Exercise description: Apart from the images, reproduce all of the data word for word.

Data shown:
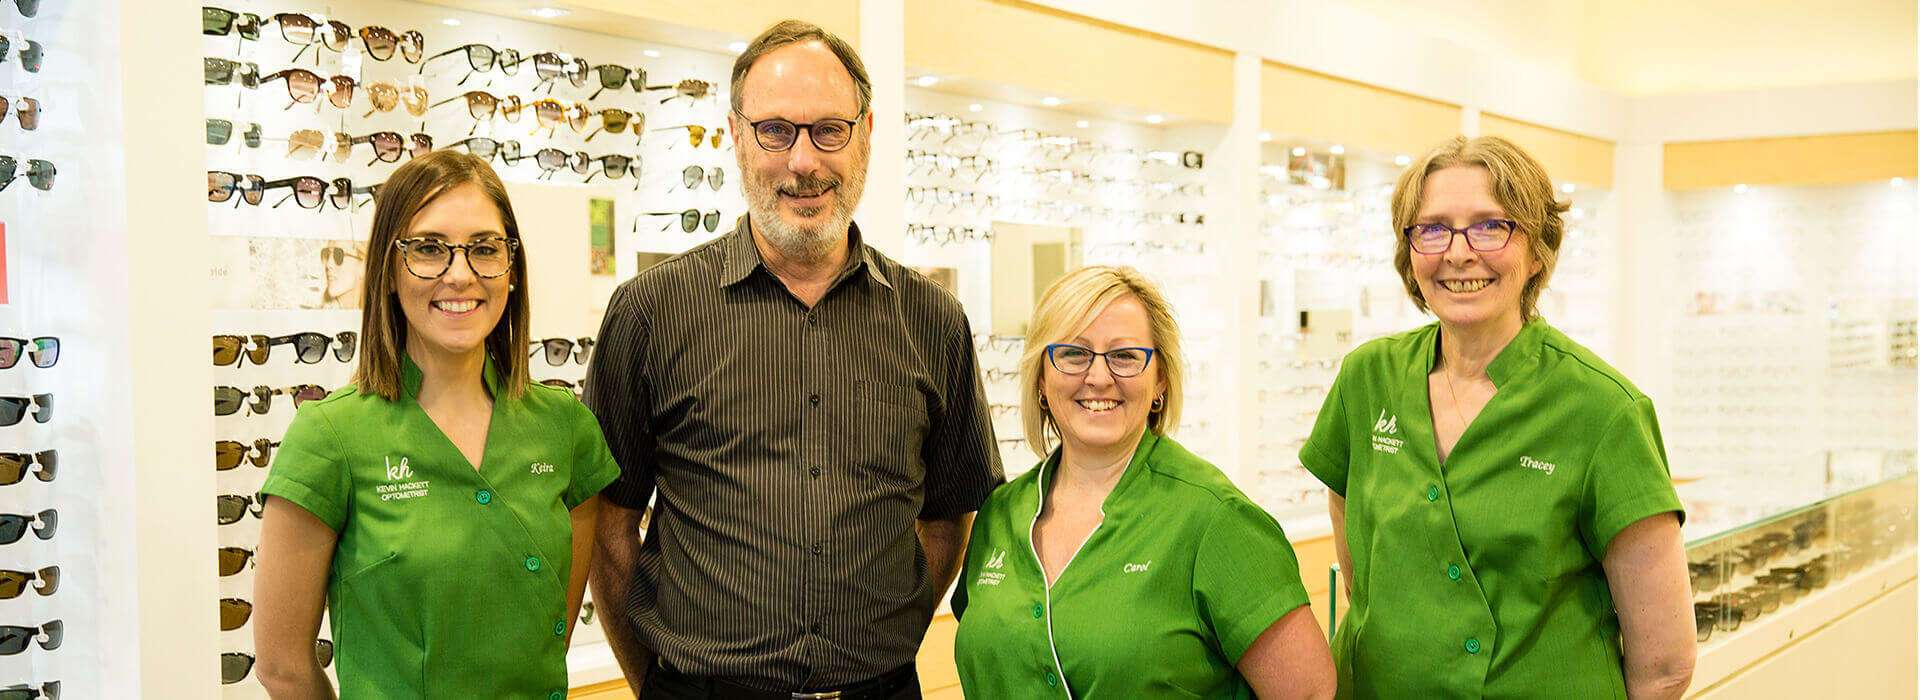 Kevin Hackett Optometrist
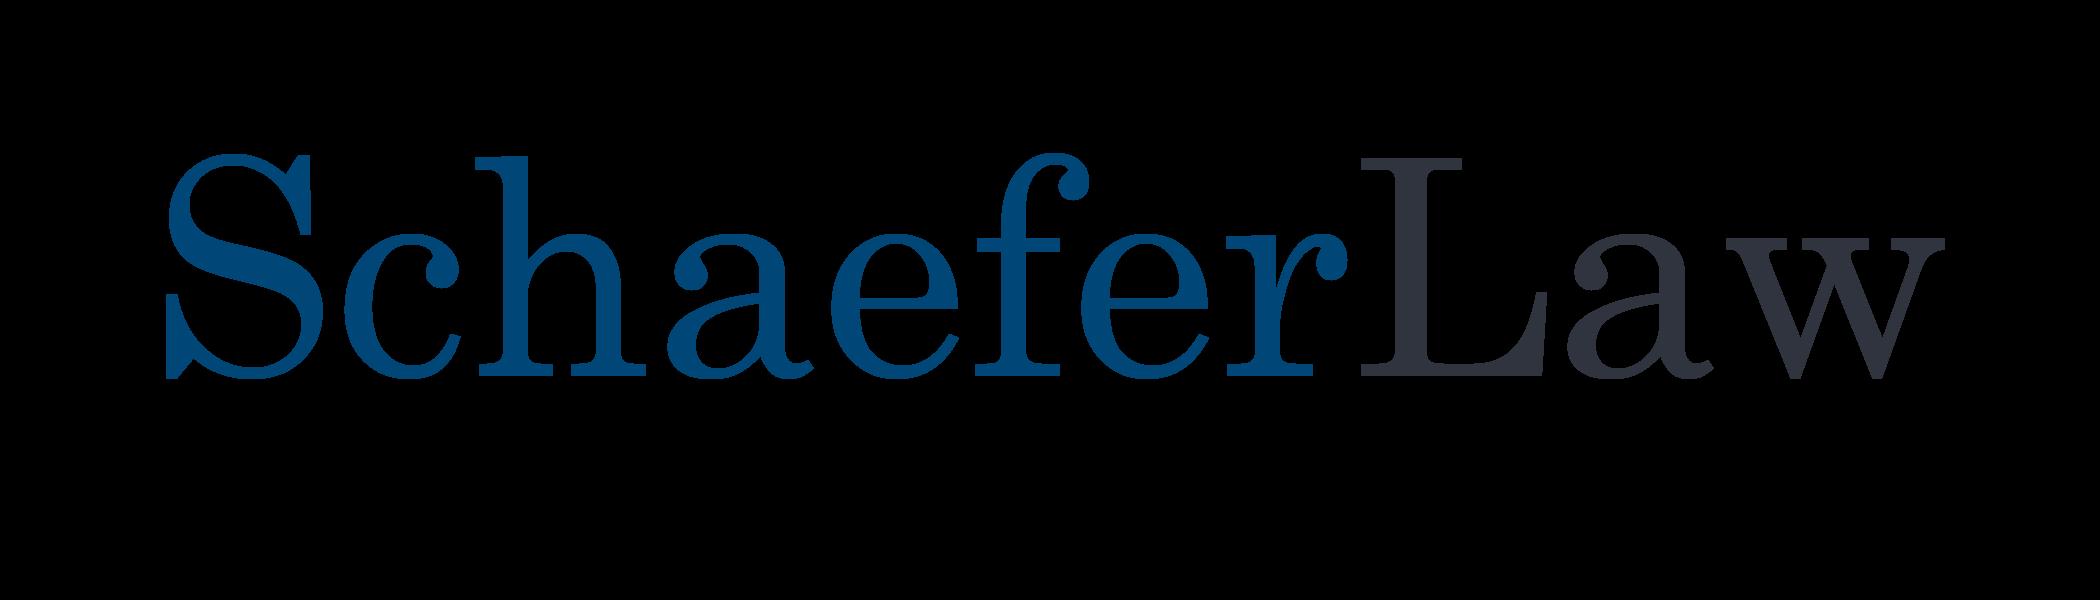 SchaeferLaw LLC
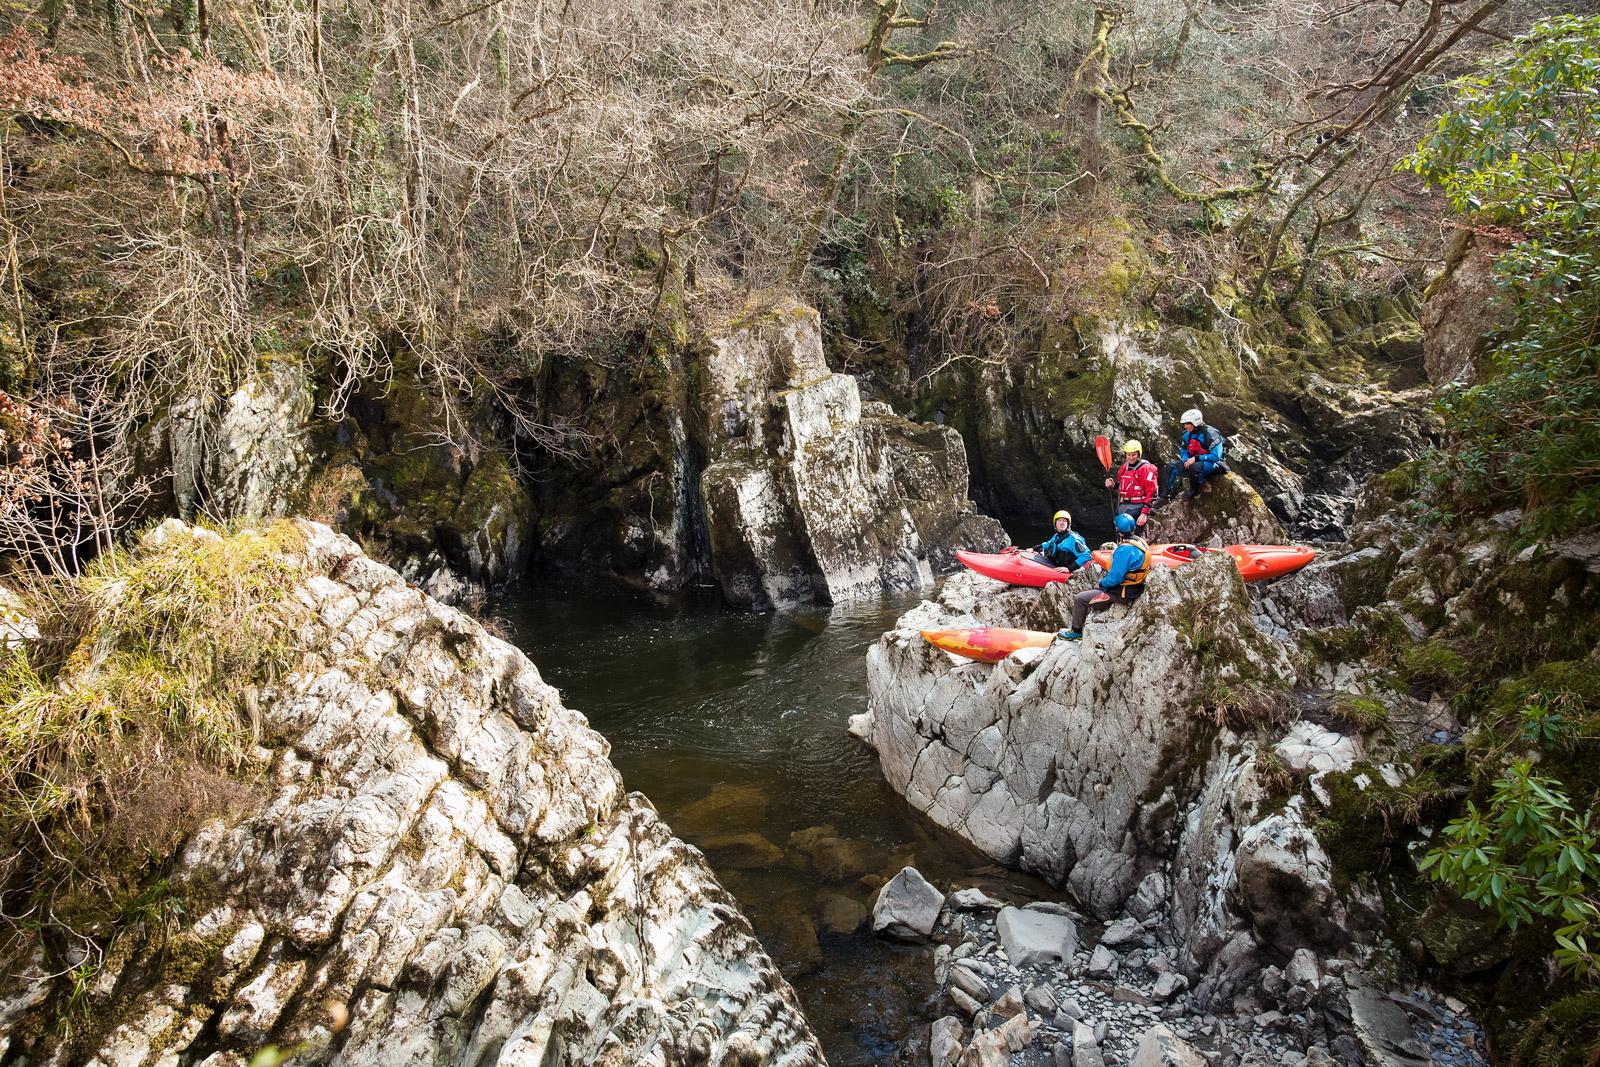 Kayakers-Chilling.jpg
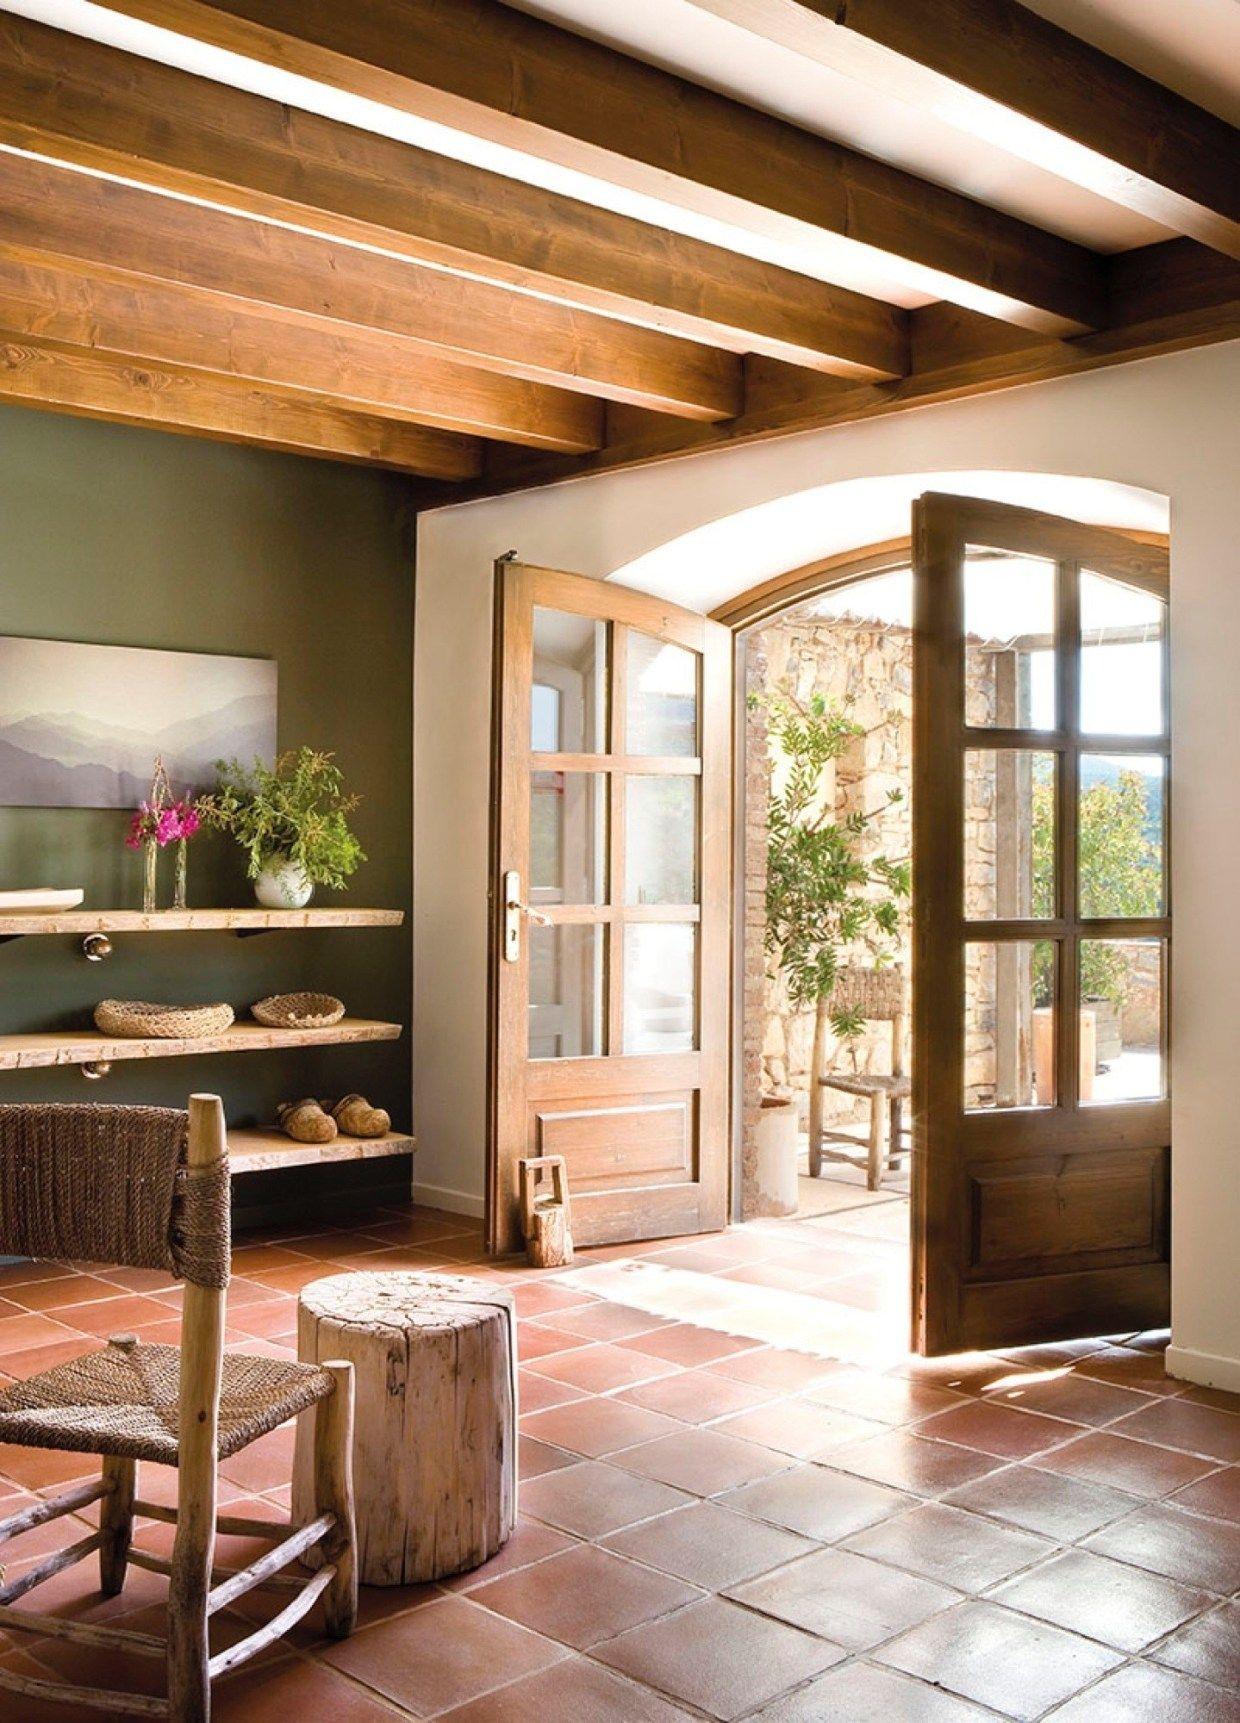 terra cotta floors centsational style house design home interior design trends 2017 on kitchen interior tiles id=34890

Output of the exercise:
 Kevin Hackett Optometrist
 SchaeferLaw LLC
 Kayakers-Chilling.jpg
 terra cotta floors centsational style house design home interior design trends 2017 on kitchen interior tiles id=34890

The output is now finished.